[TASK GOAL]
Go through the listing below and write out exactly the lines from the one that mentions "FolkArt ® Coastal™" through the one that mentions "Bridal Photoshoot at Hub 757", minus the pictures.

[EXERCISE DATA]
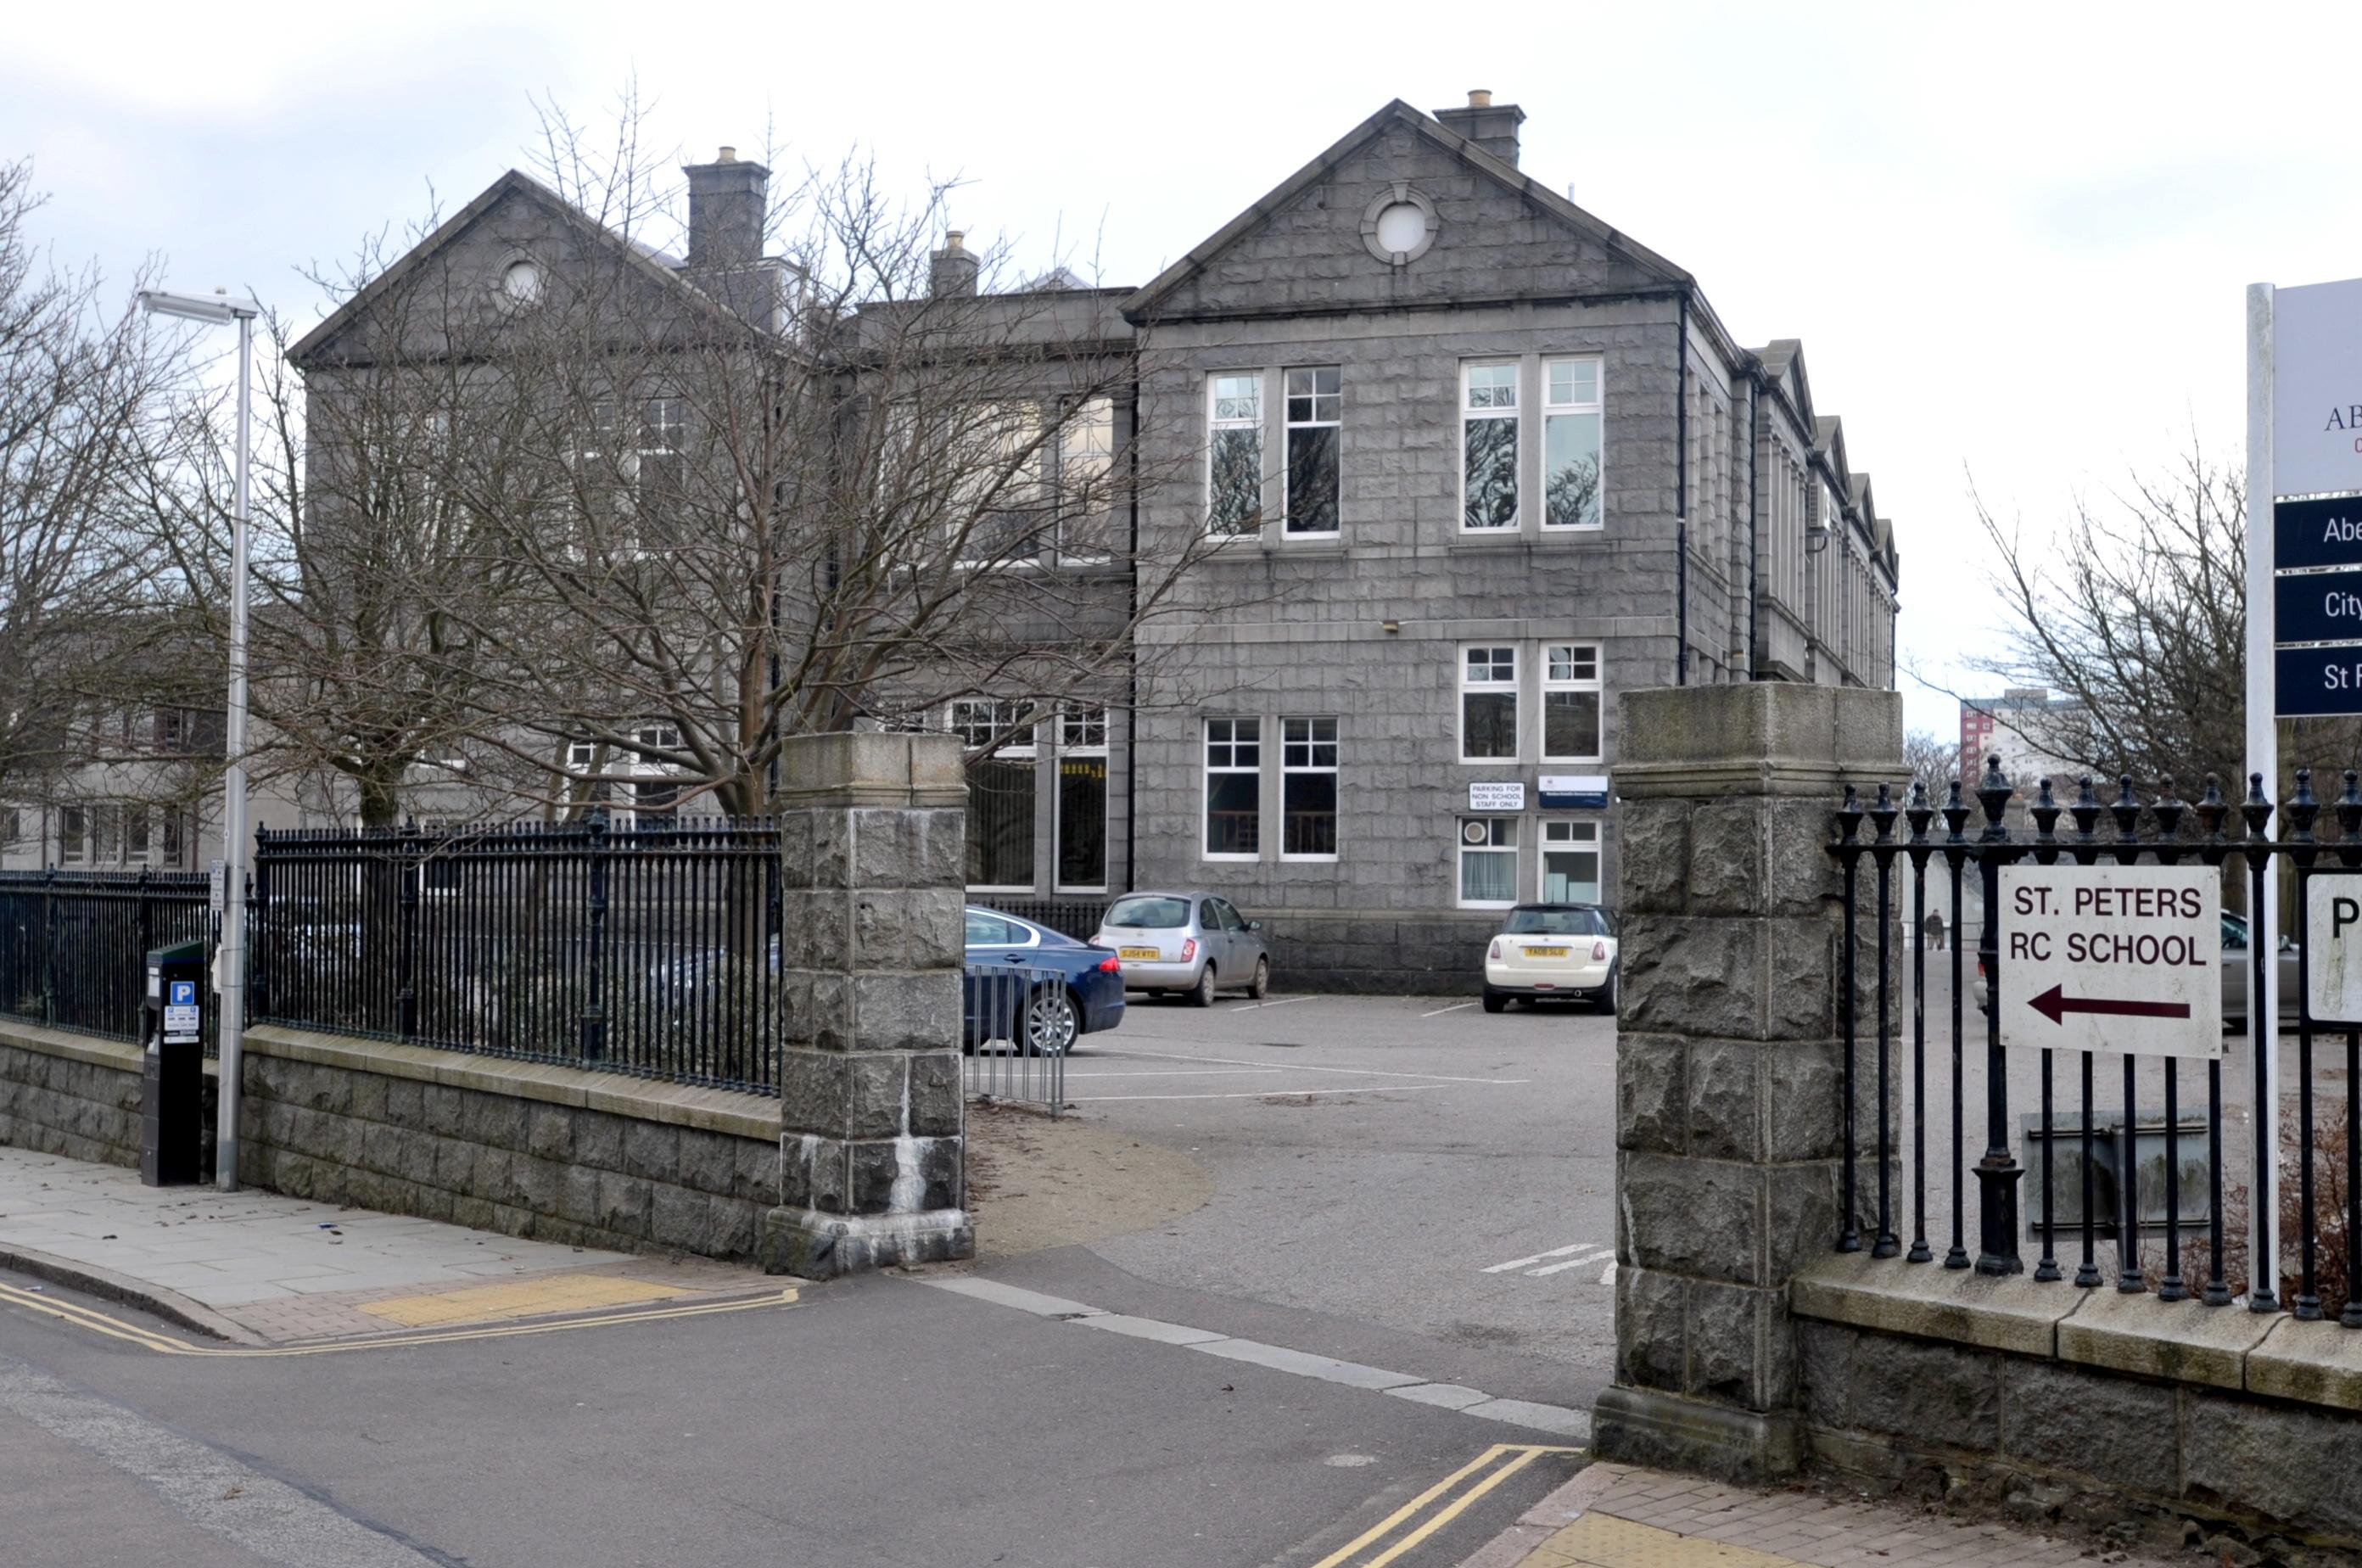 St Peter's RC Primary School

---

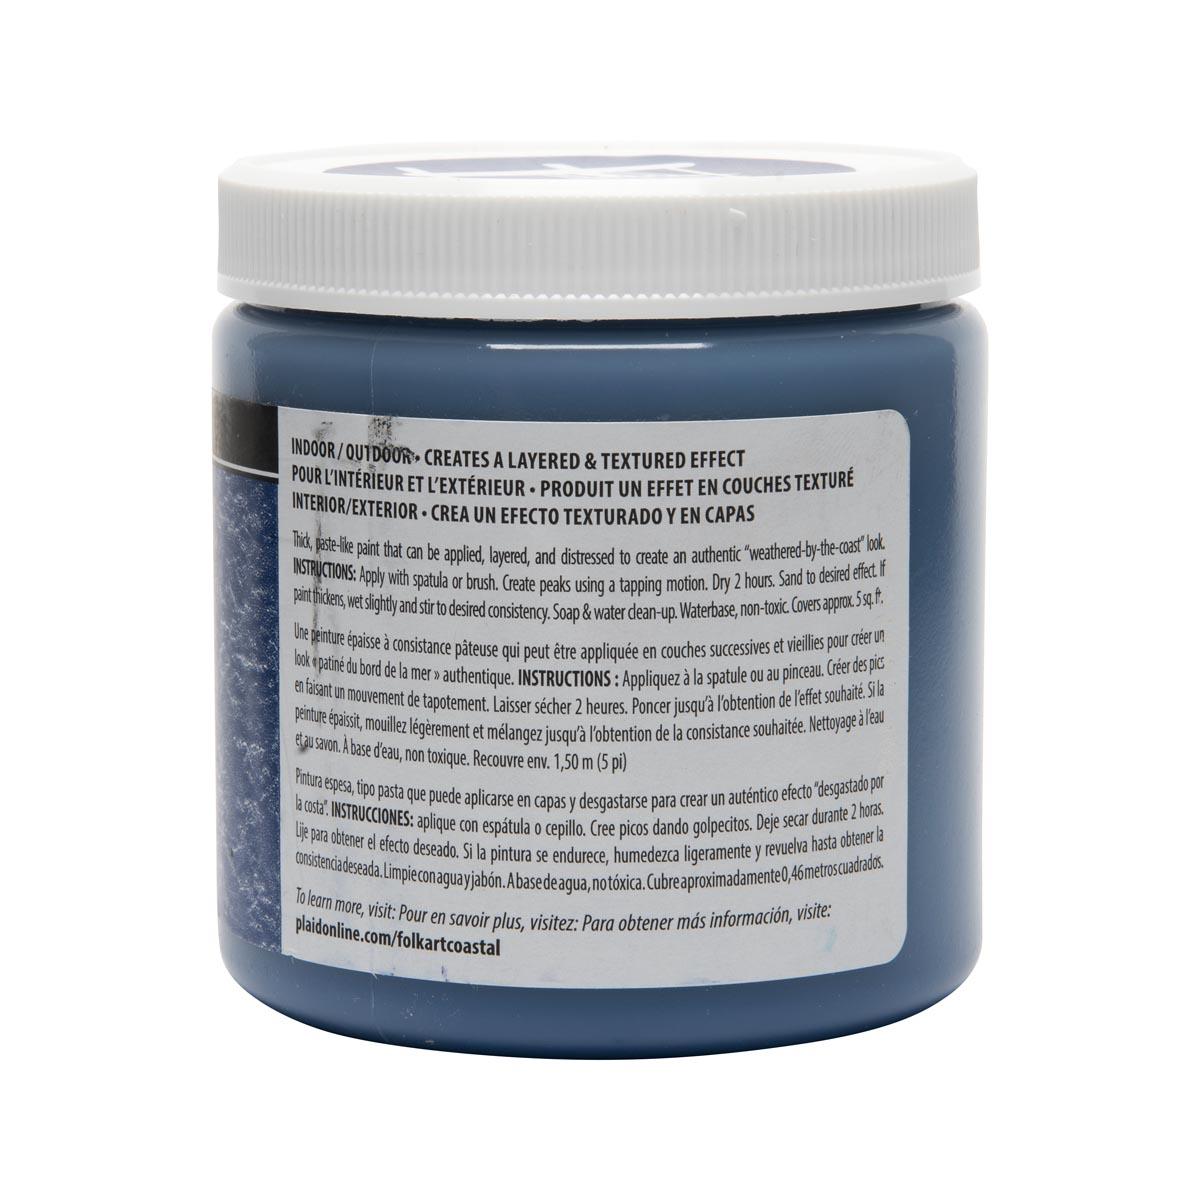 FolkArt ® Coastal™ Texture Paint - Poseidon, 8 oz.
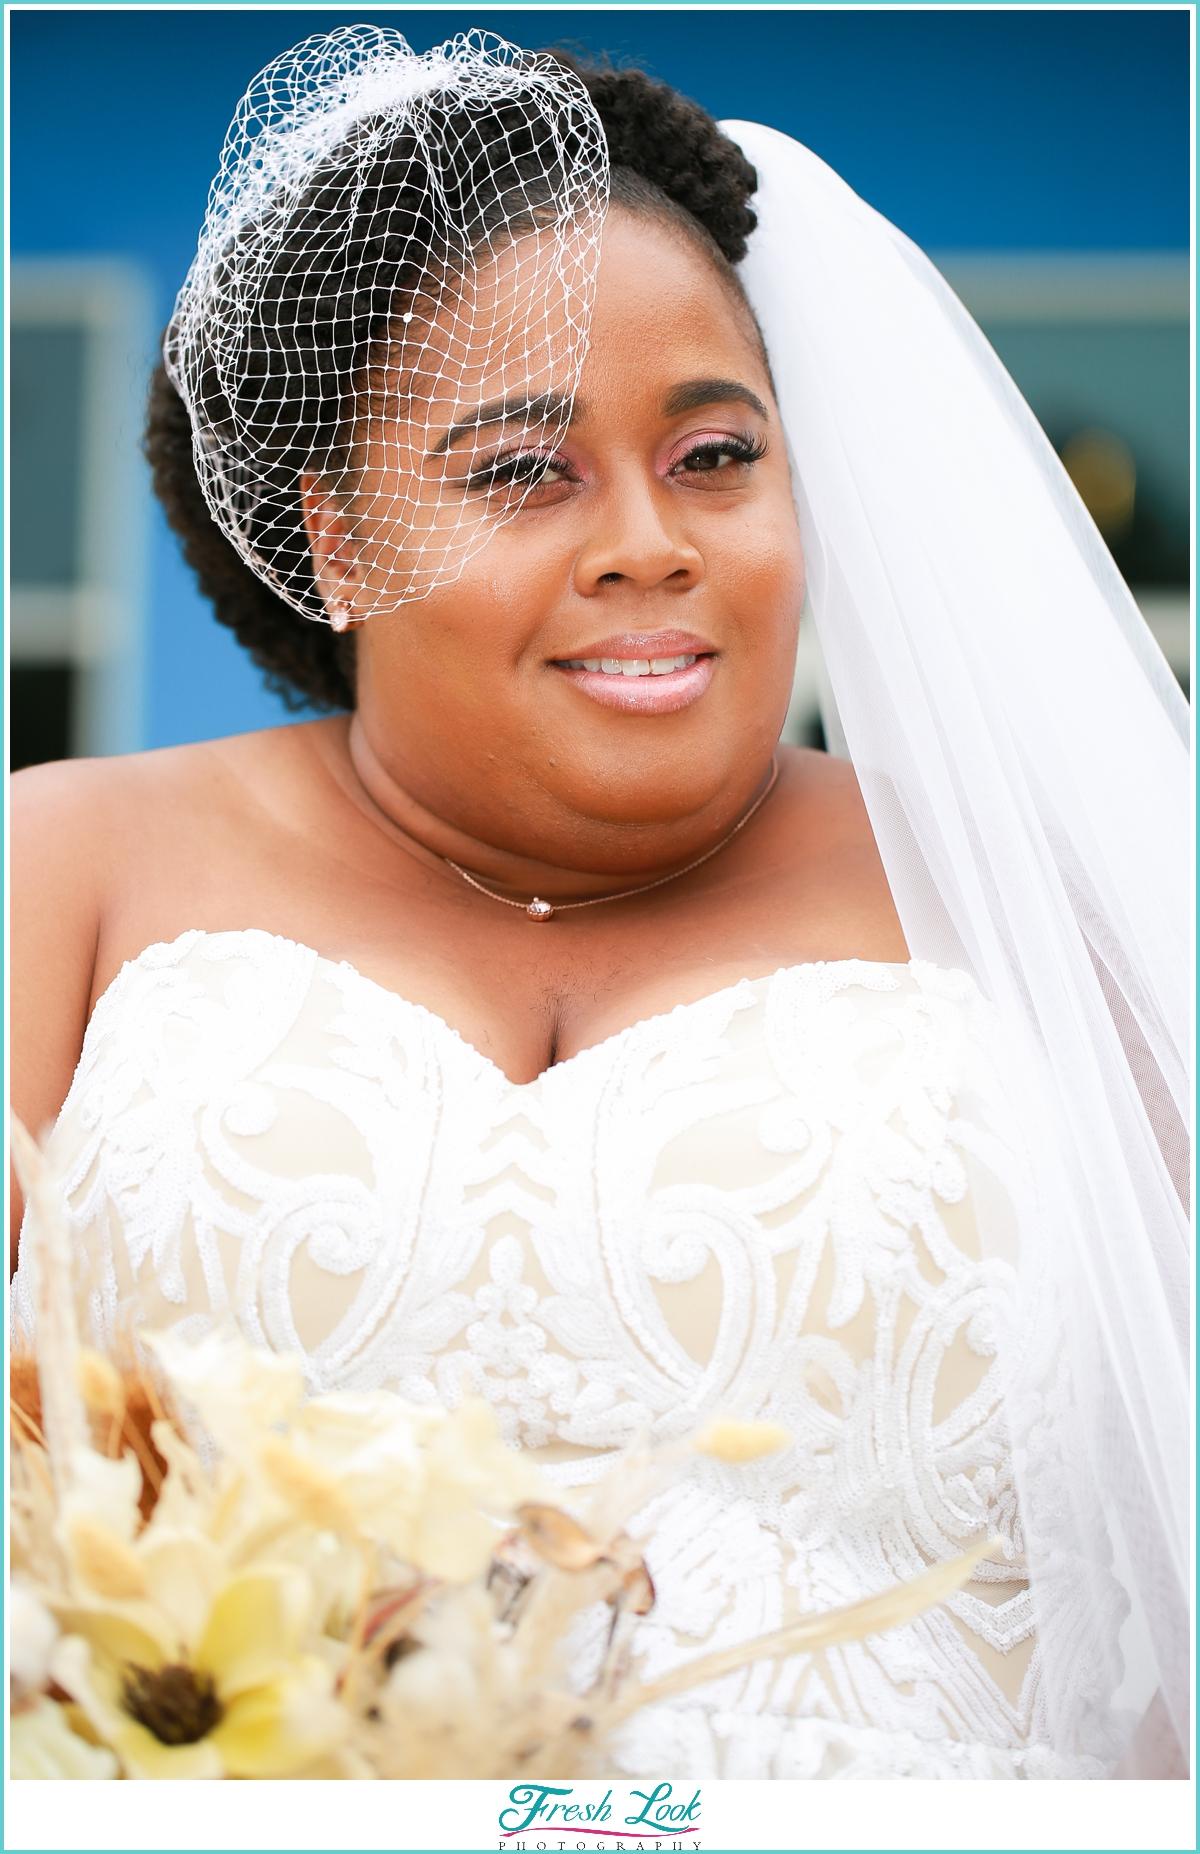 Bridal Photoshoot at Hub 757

* * *

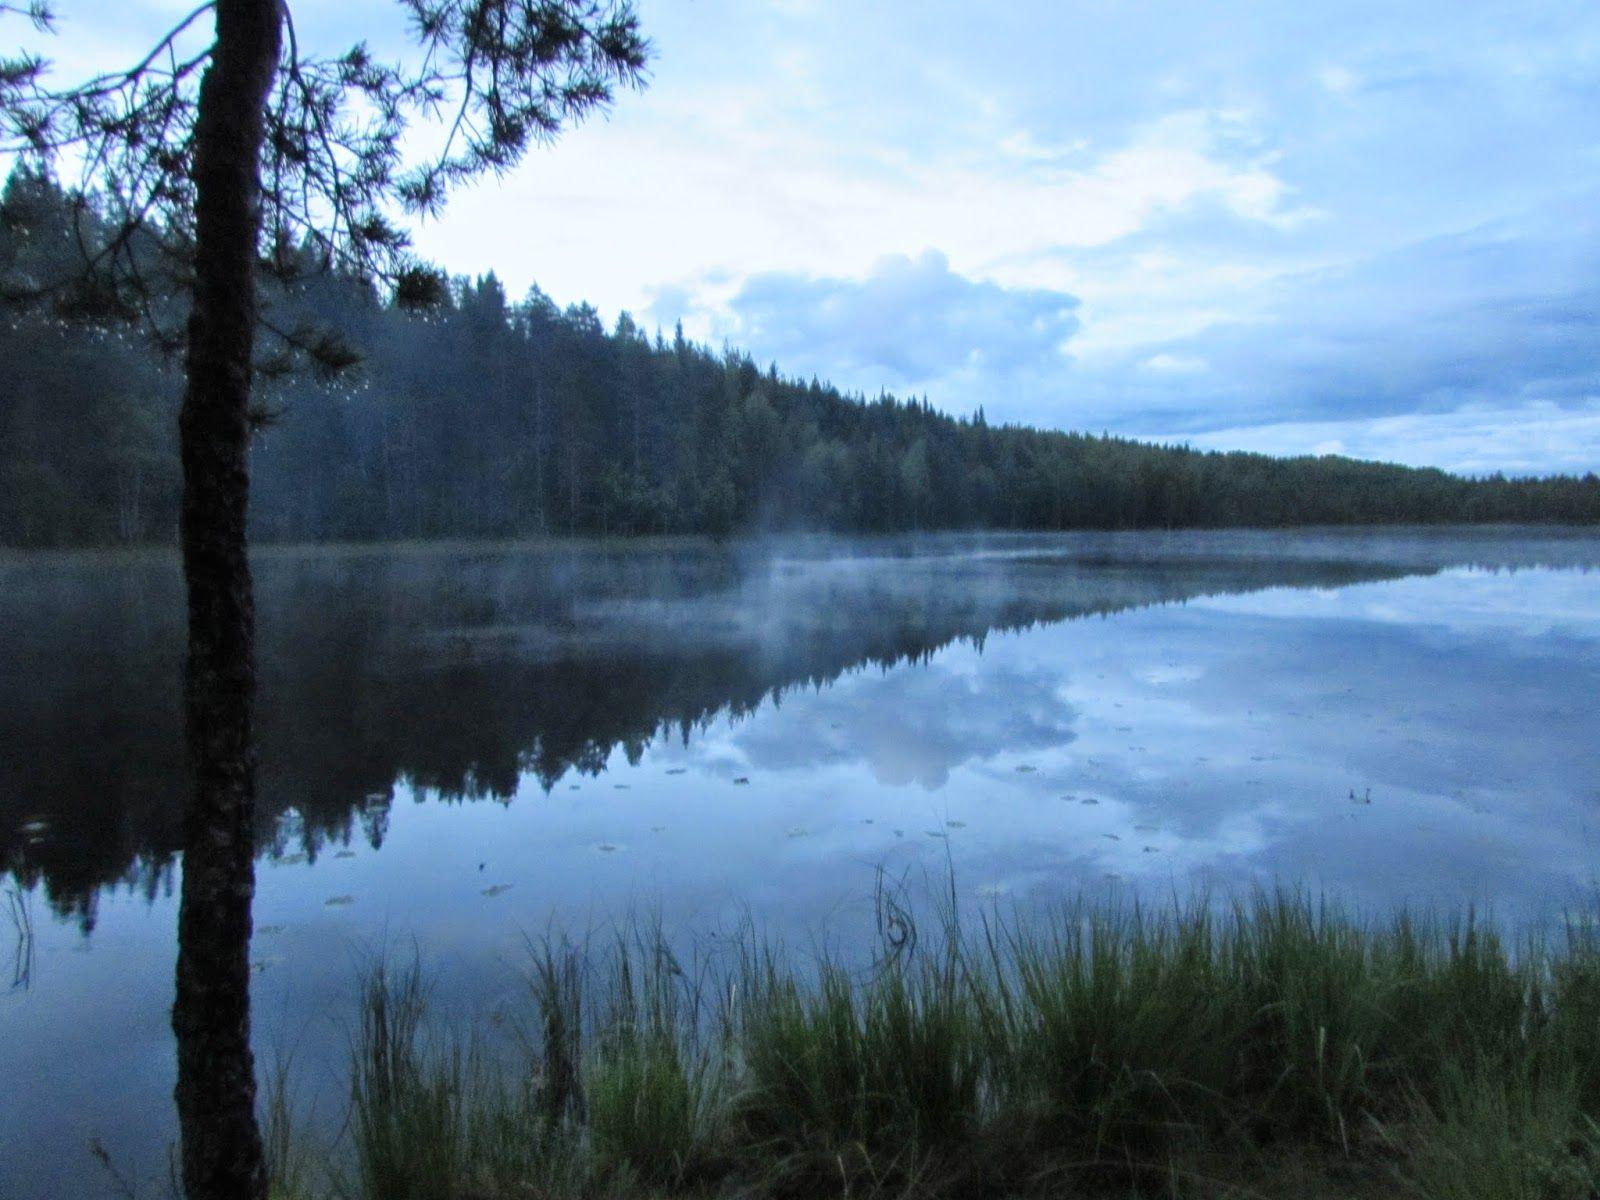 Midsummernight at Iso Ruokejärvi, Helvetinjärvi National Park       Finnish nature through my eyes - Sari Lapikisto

[WRITTEN SOLUTION]
 FolkArt ® Coastal™ Texture Paint - Poseidon, 8 oz.
 Bridal Photoshoot at Hub 757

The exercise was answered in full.